The Great Seal, created after the Declaration of Independence and before the U.S. Constitution, reflects a religious heritage that the country’s Founders believed integral to the common weal of the nation. Thus, de Tocqueville, whose own country was marked by great tension between faith and freedom, was taken aback by the integration of the ideals he found in the social and political life across the sea.
In America, the Church was not an arm of the State, nor the State an arm of the Church; still, biblical faith was a sort of DNA that informed the colonists’ sense of themselves as a nation, and of the principles of liberty, justice, law, and governance that became institutionalized as uniquely American.
In the formation of the “more perfect union,” no hardened barrier was erected, or intended, to prevent the introduction of religion into public spaces, Jefferson’s “wall of separation” notwithstanding. To the contrary, an Establishment Clause was crafted to secure the free exercise of religion and to prevent the intrusion of the State into the affairs of the Church, specifically prohibiting the legislation of a national religion.

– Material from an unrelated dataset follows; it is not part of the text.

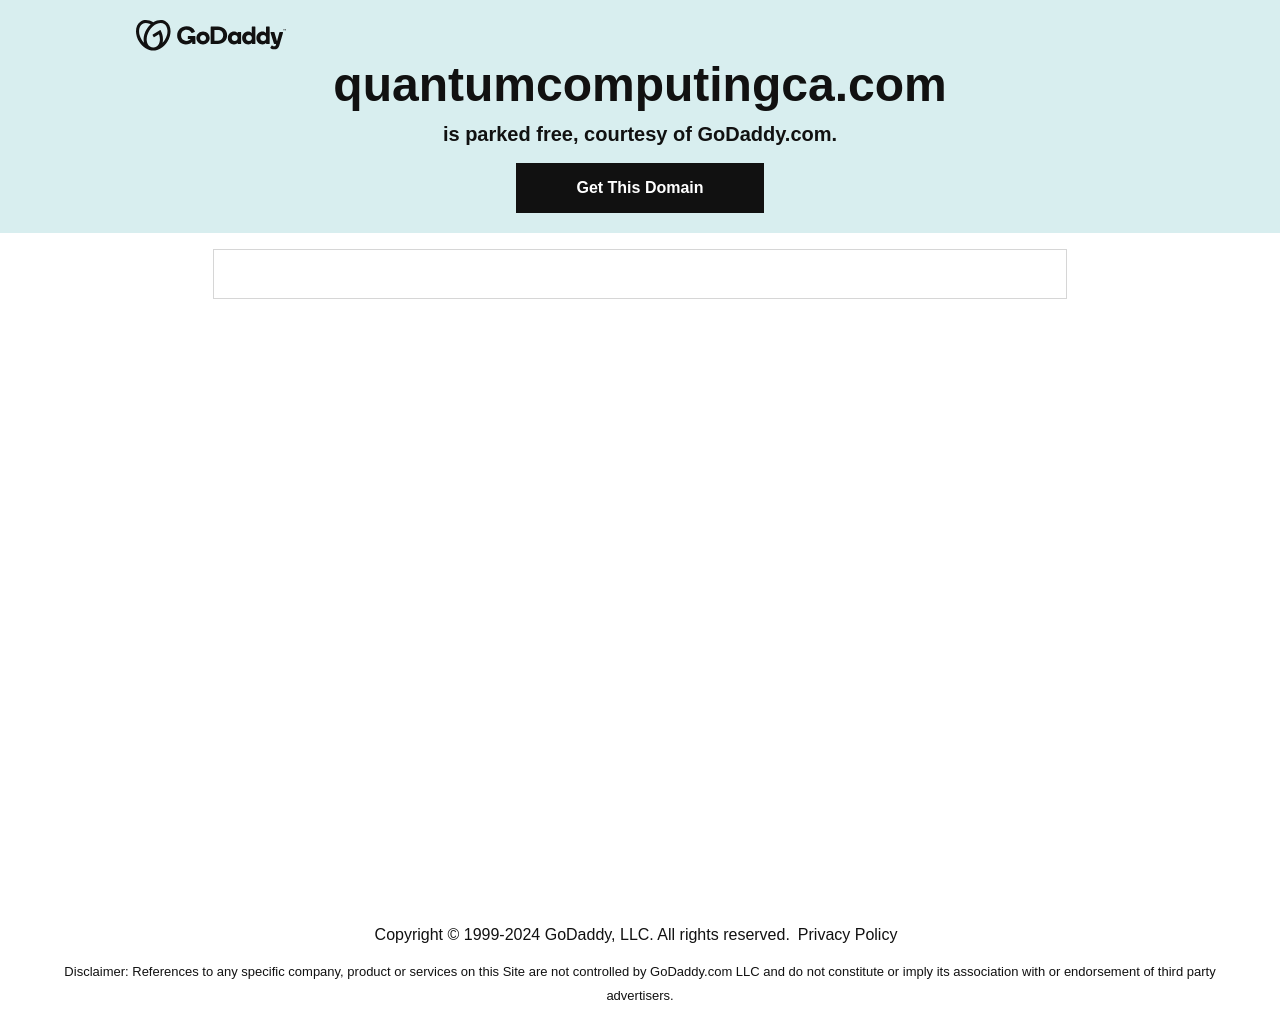 quantumcomputingca.com

Operating within its biblical sphere of sovereignty, the Church provides the moral framework for a just society. It acts as the conscience of the State, reminding Caesar of the high calling of his office, and its limits; and exhorting citizens to the duty owed Caesar. The State, in turn, protects the Church by defending, encouraging, and supporting religious expression, without preference to any particular sect. The positive benefits of this association have been acknowledged in some surprising precincts of late.
John D. Steinrucken, an avowed secularist and atheist, gives air to the feckless fantasies of secularism. In The American Thinker, Steinrucken bristles over the long history of failures of rationally-based ideologies to make good on their utopian promises, or to provide a viable substitute for religion in general and Christianity, in particular.
Steinrucken makes the astonishing admission that Christianity is the “guarantor of our political and legal system” because it is “a moral force independent of and transcendent to the political.” (Emphasis in original.) Even more astonishingly, he warns that the country that “loses its religious faith in favor of non-judgmental secularism” will lose “that which holds all else together.”
John Steinrucken would find common ground with our country’s founding fathers and, in particular, George Washington. It was Washington who gave voice to what many of his colleagues and countrymen recognized over two centuries ago: “Religion and liberty must flourish or fall together in America.”
The perseverance of that association, despite the fevered efforts of secularists in recent decades to sever it, has made the United States a model for democratic freedom and human rights around the globe—a nation among nations that is great indeed.